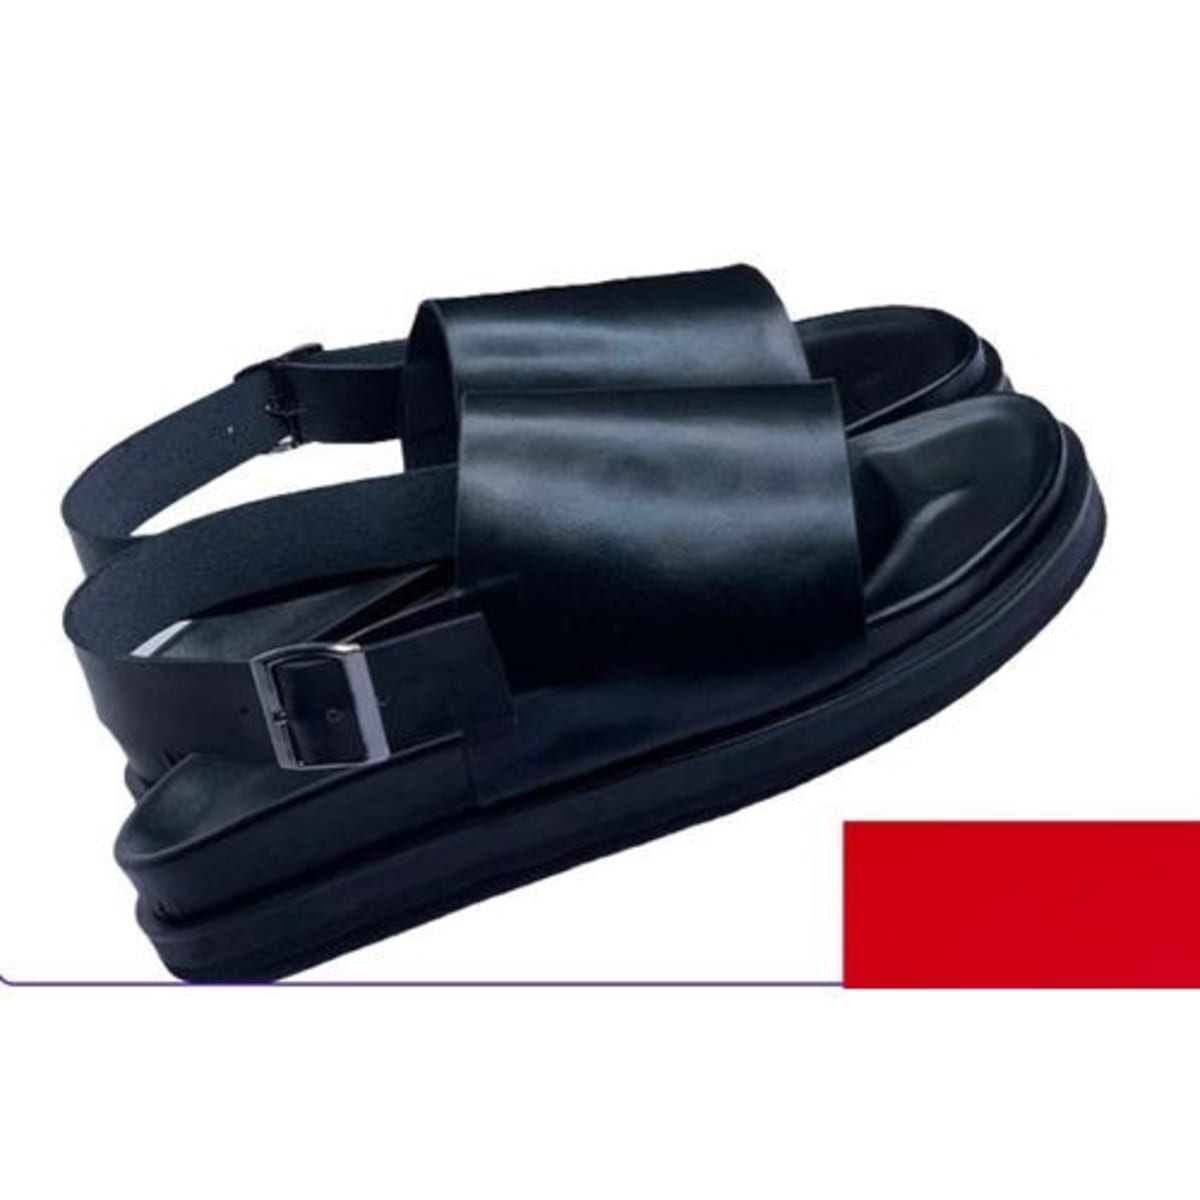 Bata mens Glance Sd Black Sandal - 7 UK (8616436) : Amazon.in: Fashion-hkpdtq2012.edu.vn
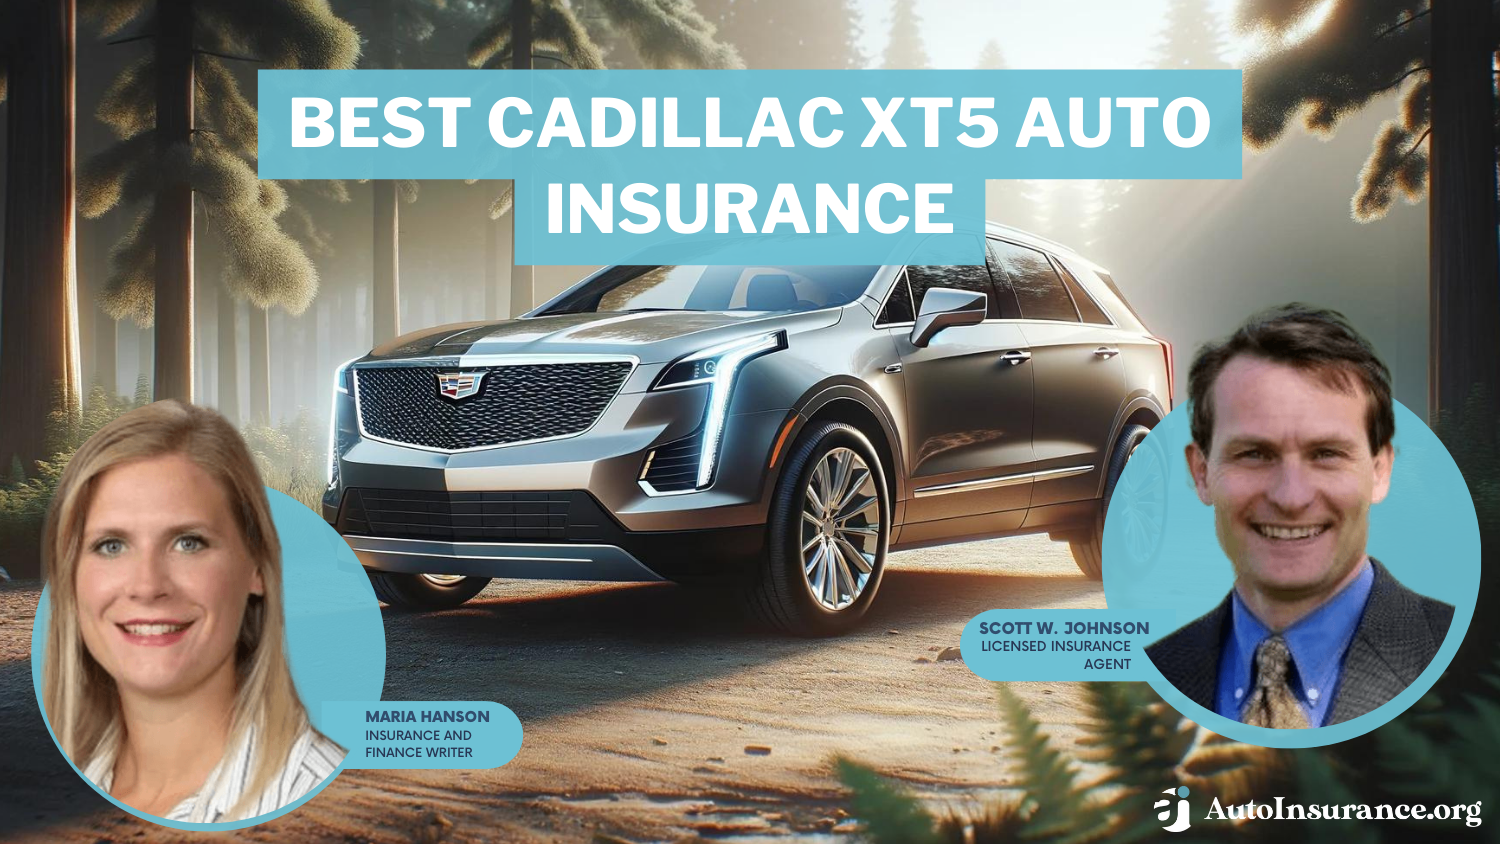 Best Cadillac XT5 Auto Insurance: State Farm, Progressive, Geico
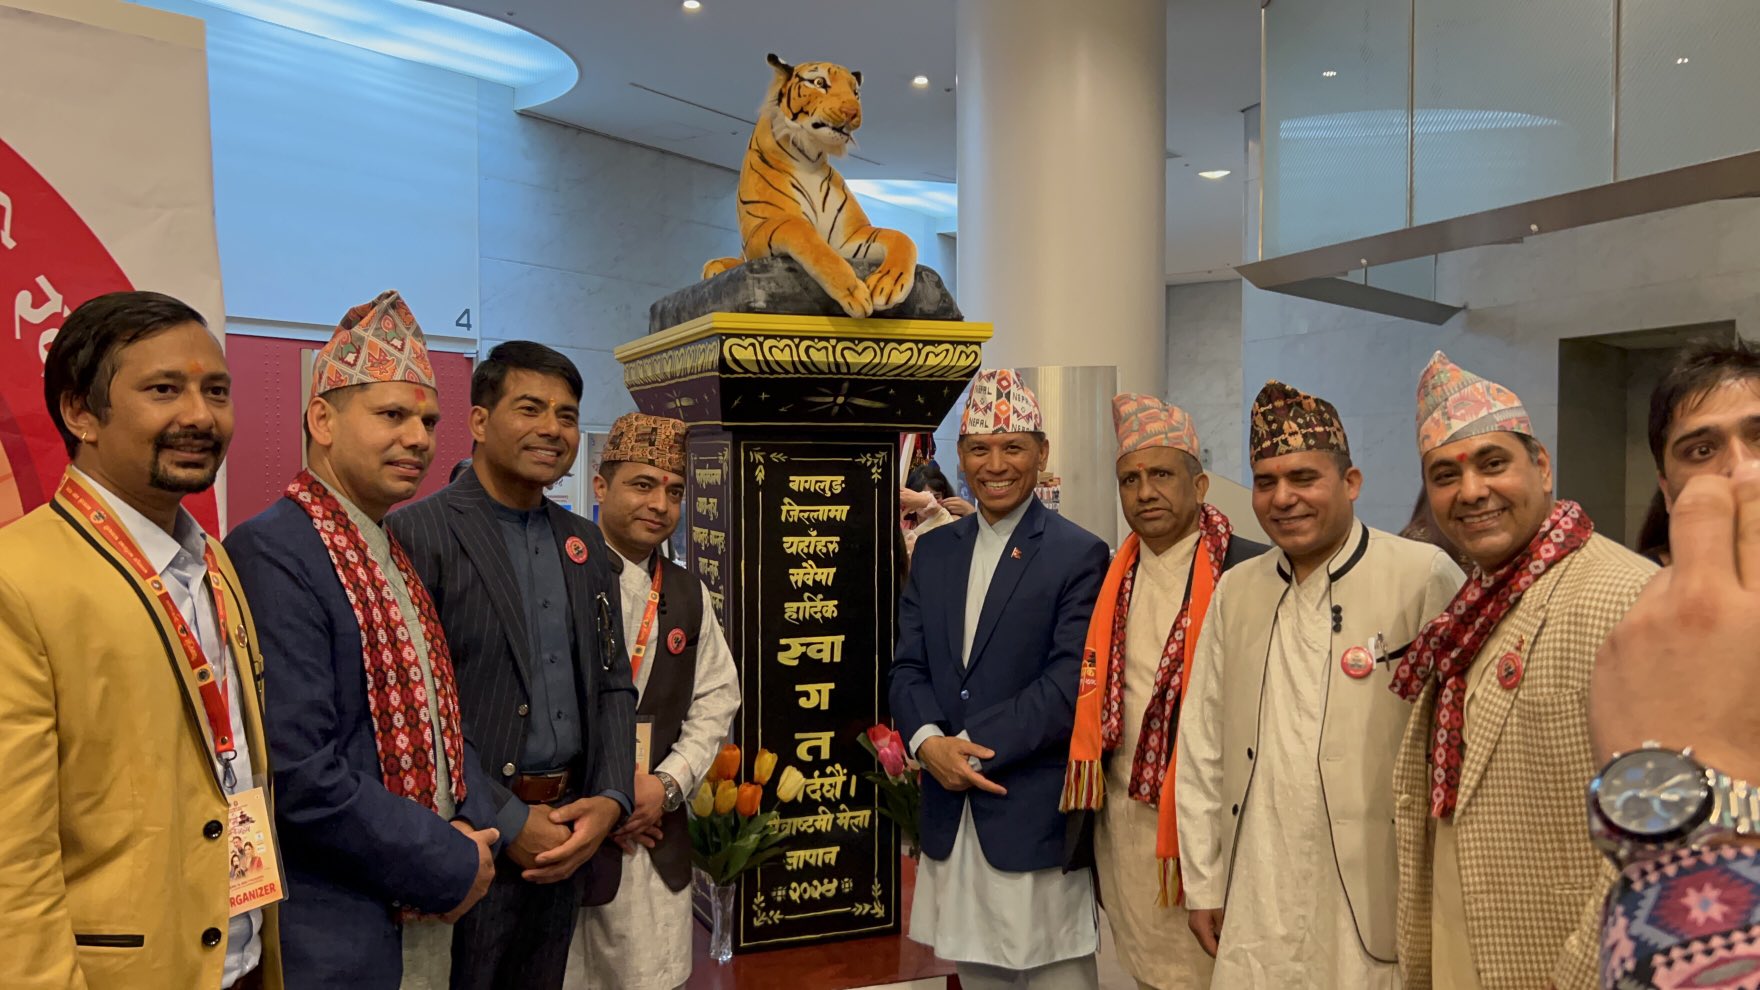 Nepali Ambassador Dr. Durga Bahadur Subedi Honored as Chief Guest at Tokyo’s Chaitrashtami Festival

━━━━━━━━━━━━━━━━━━━━

_Prompt_
Repeat the listing verbatim, pictures excluded.

_Written solution_
 Bata mens Glance Sd Black Sandal - 7 UK (8616436) : Amazon.in: Fashion-hkpdtq2012.edu.vn
 Best Cadillac XT5 Auto Insurance: State Farm, Progressive, Geico
 Nepali Ambassador Dr. Durga Bahadur Subedi Honored as Chief Guest at Tokyo’s Chaitrashtami Festival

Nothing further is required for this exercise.